It appears that I have opened up my own cranial can of worms with my last post.  My inner, fun-loving writing world began to get bombarded with thoughts and ideas that, like oozing poison ivy,  I must scratch.  For those of you who follow me you are aware that 99.9% of my writing is, well, warped.  I seldom take on heavier topics unless I feel moved.  I’m moved.  So I’m going to let these little digits loose on my keyboard.  You are welcome to come along for the ride.

While attending a Christian meeting recently I heard the speaker cry out “For God’s Sake….” and it cut me like a paper cut searing into my flesh.  I paused.  I wasn’t expecting this reaction but my Spirit ached.  I felt saddened and grieved.  Why?  I am not a religious or legalistic Christian.  I run [ bolt, charge, flee] from religion and legalism.  I am not judgemental and refrain from judging like I would refrain from drinking posion….I don’t do it.  But something about this remark bothered me deeply.  

Then, I became aware that there are Christian counselors…counselors who advertise and market themselves as Christians…who swear profusely during their counseling sessions with youth as a way “to connect with the young people.”  I’m not talking about a mere damn or hell (although still inappropriate in my opinion).  I’m talking about dropping the mother of all mother’s…. the Hiroshima, the F Bomb, among other crude, street “languagey” things.  Again, I am not a prude.  I have several body piercings and plan to get inked as soon as I can get past my nearing 40yr mentality of “I might get a dreaded disease.”  I soooo should have taken the tattoo plunge in my 20’s when I was invincible.  But I digress.  Back to the swearing Christian counselor.  In one incident a teen reported that the foul language made him/her uncomfortable and he/she felt that the church staff viewed the matter as insignificant.  This teen was encouraged to return to counseling with the sewer mouthed counselor.   Something didn’t feel right about the whole “I swear to connect with the youth” excuse.  I realize that youth are creatures unto themselves.  I know that when working with these unique beings one must be in touch with the culture of the day and possess an element of edge.  But there must be boundaries which are established in love.  To me, swearing to connect with the young seemed the same as saying “I need to sleep with a bunch of men or women to really know how to relate to a prostitute” or “I must steal to know what a thief feels like”   Stupid right?  Of course it is. 

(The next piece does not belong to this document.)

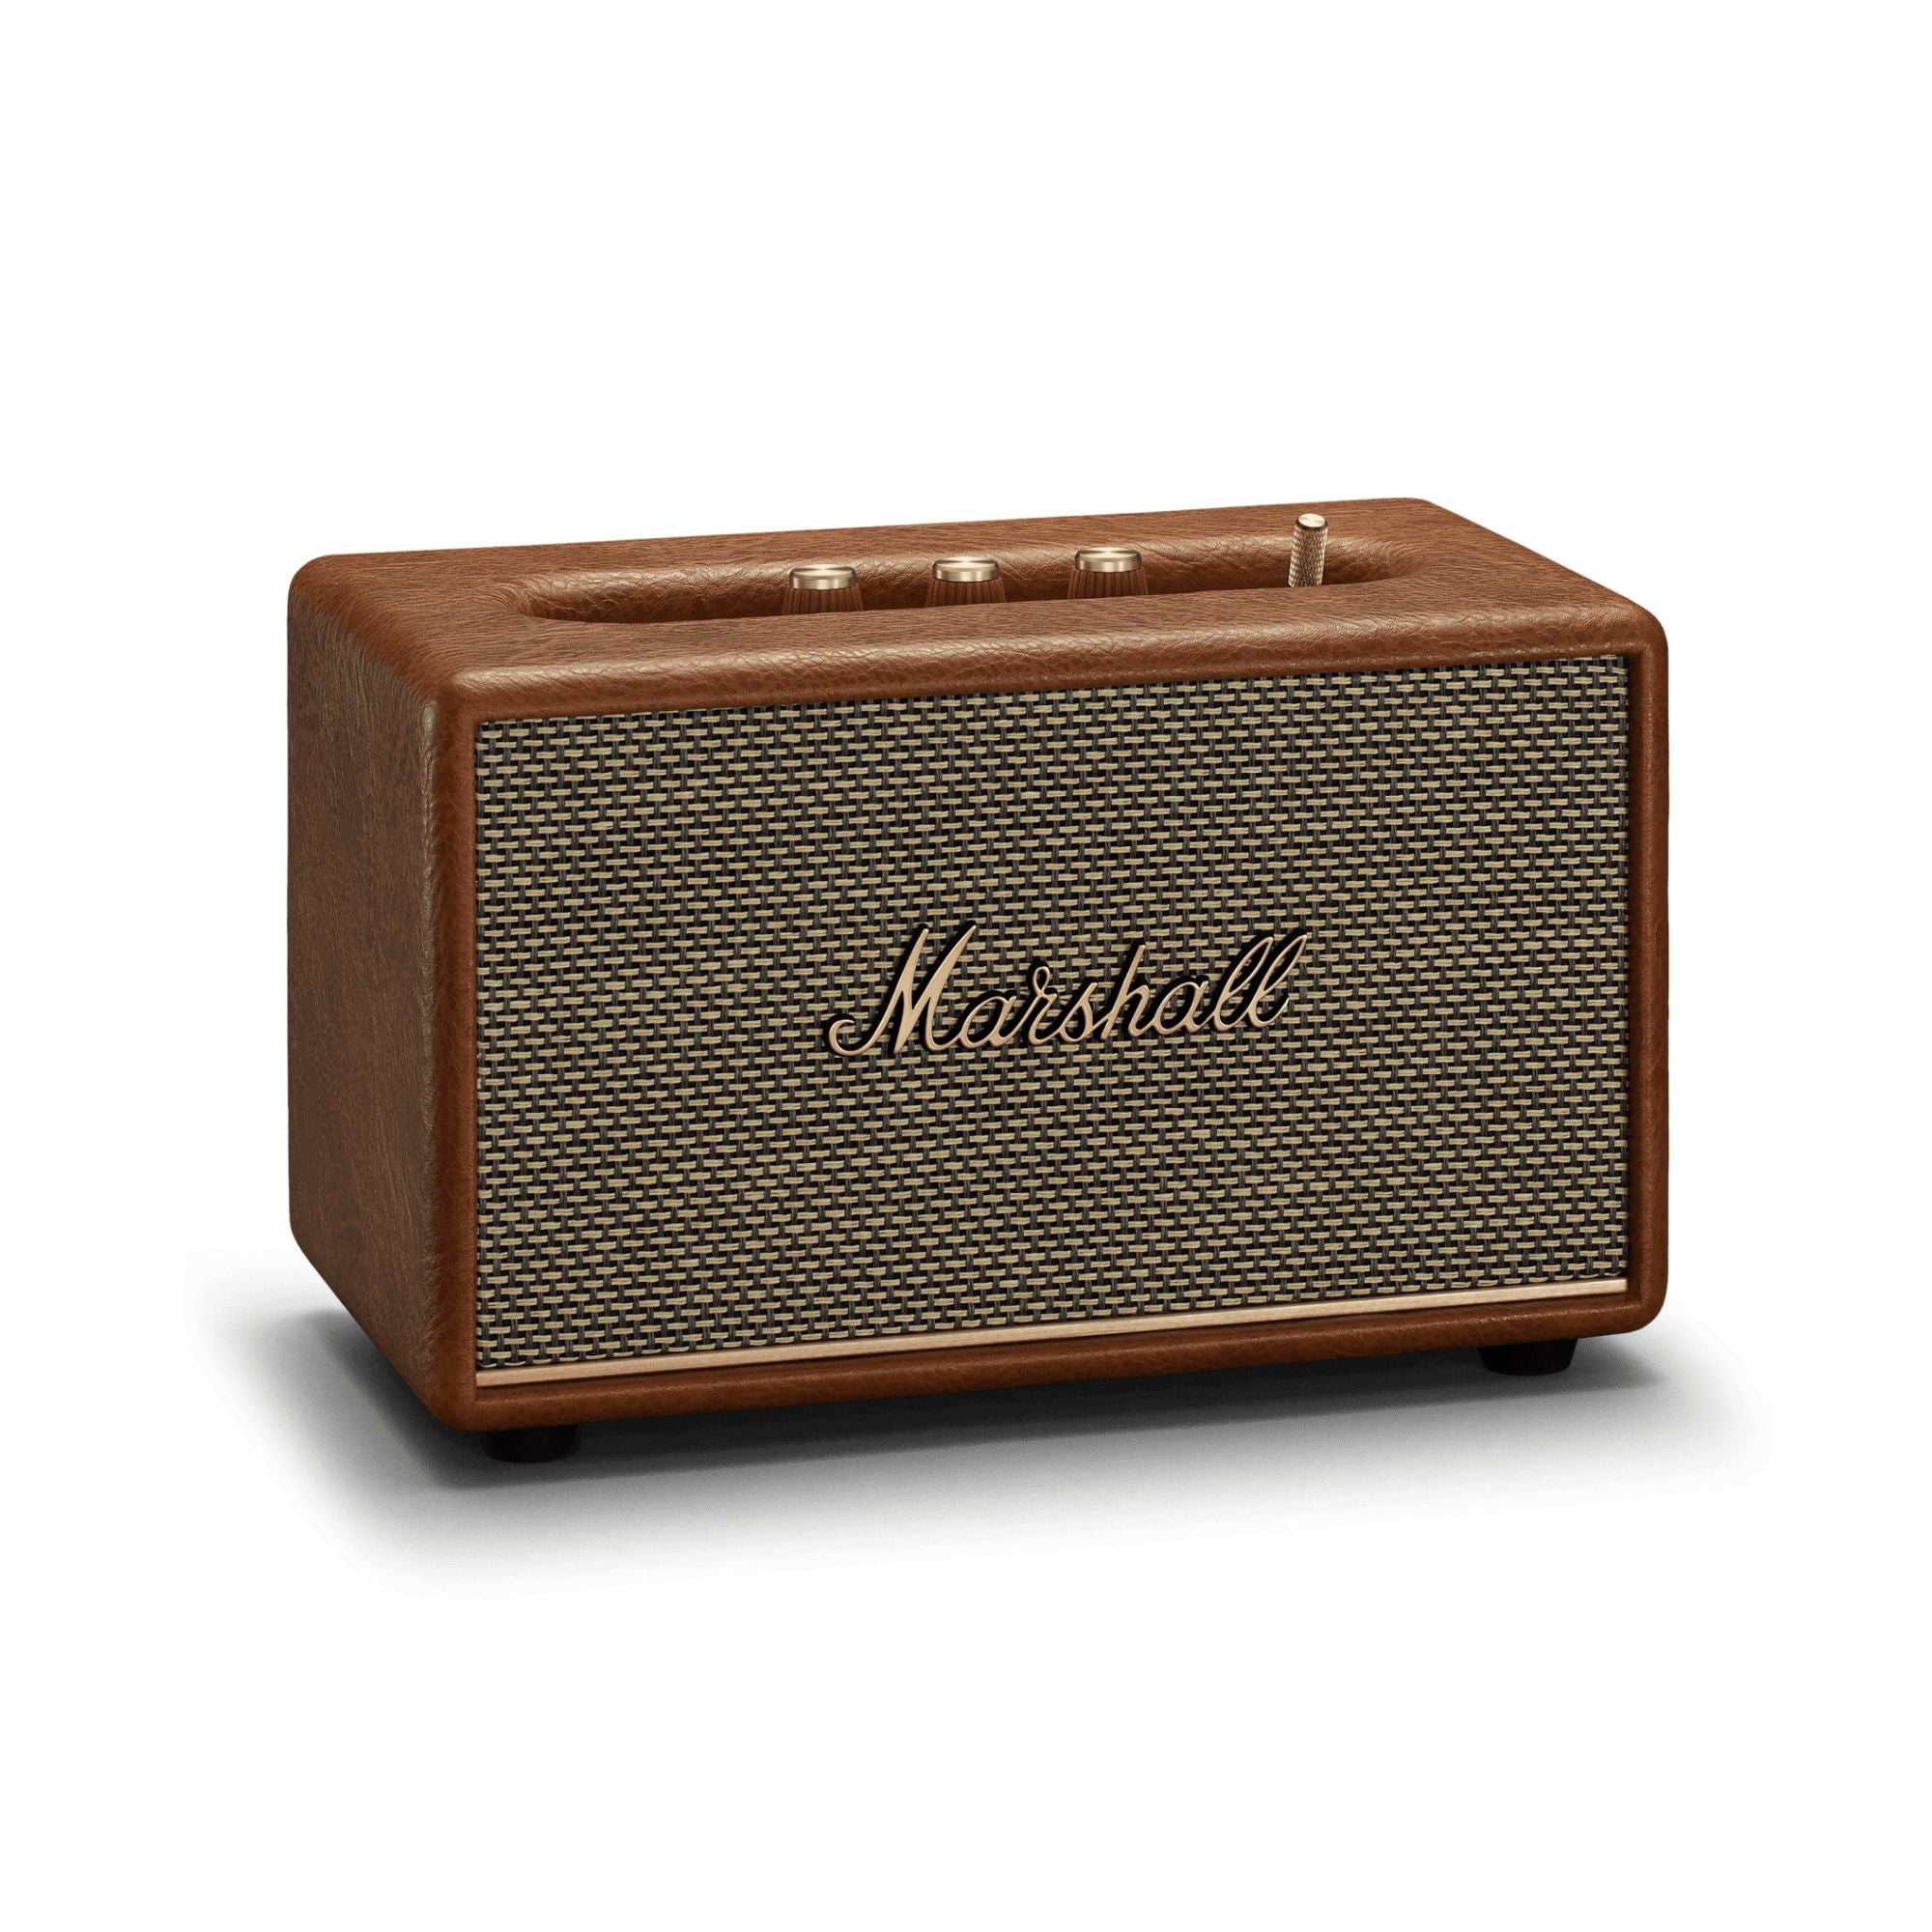 Marshall Acton III - The Small But Mighty Workhorse Re-Engineered With a Wider Soundstage, Marshall, Bluetooth Speaker - AVStore.in
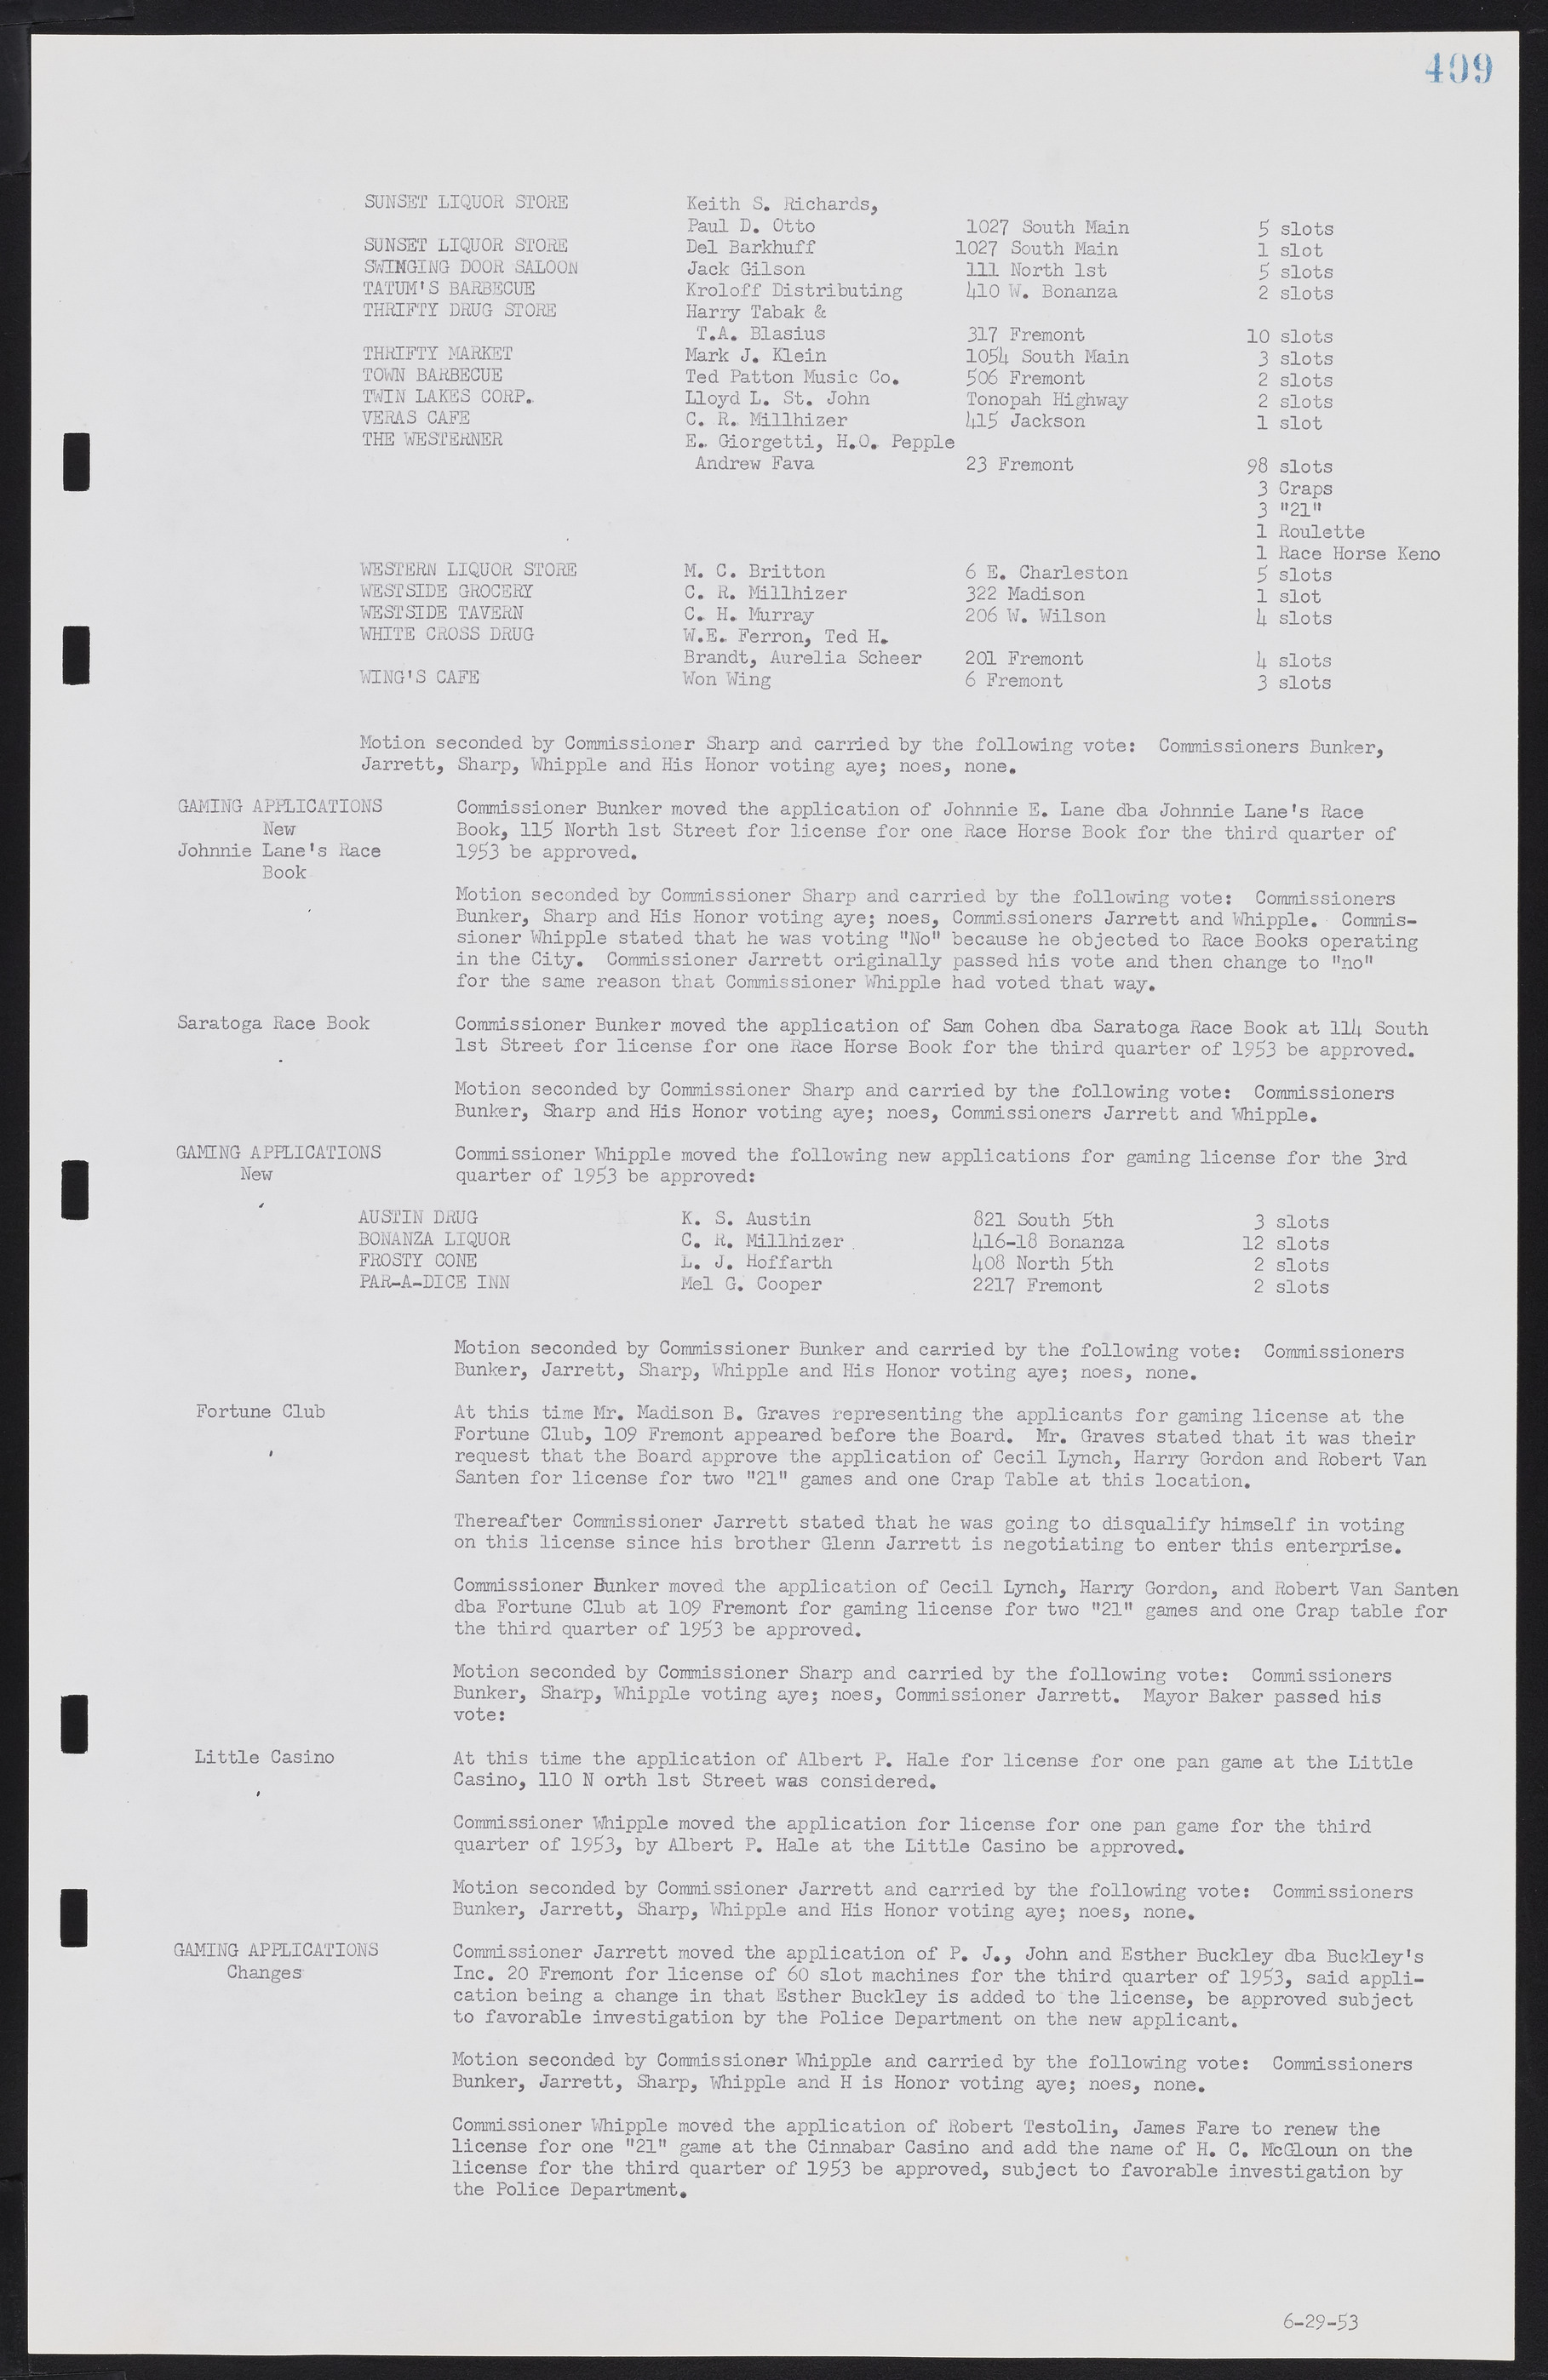 Las Vegas City Commission Minutes, May 26, 1952 to February 17, 1954, lvc000008-437

Well, naturally I became curious as to whether ‘letting it verbally rip’ was the “norm” among Christian counselors today.  Thus, I asked a few Master prepared Christian counselors (who I highly respect) their opinion/method.  I barely got the entire question out when they spewed laughter at the craziness of the idea, so forceful that it was laced with spittle, right in my face.  This was of course after the long incredulous look(s) of unbelief.  Without going ad nauseam into the details, it is safe to say that swearing to connect with young adults is uncalled for and unnecessary of a true professional – more importantly, a Christian who is held to a higher standard of conduct.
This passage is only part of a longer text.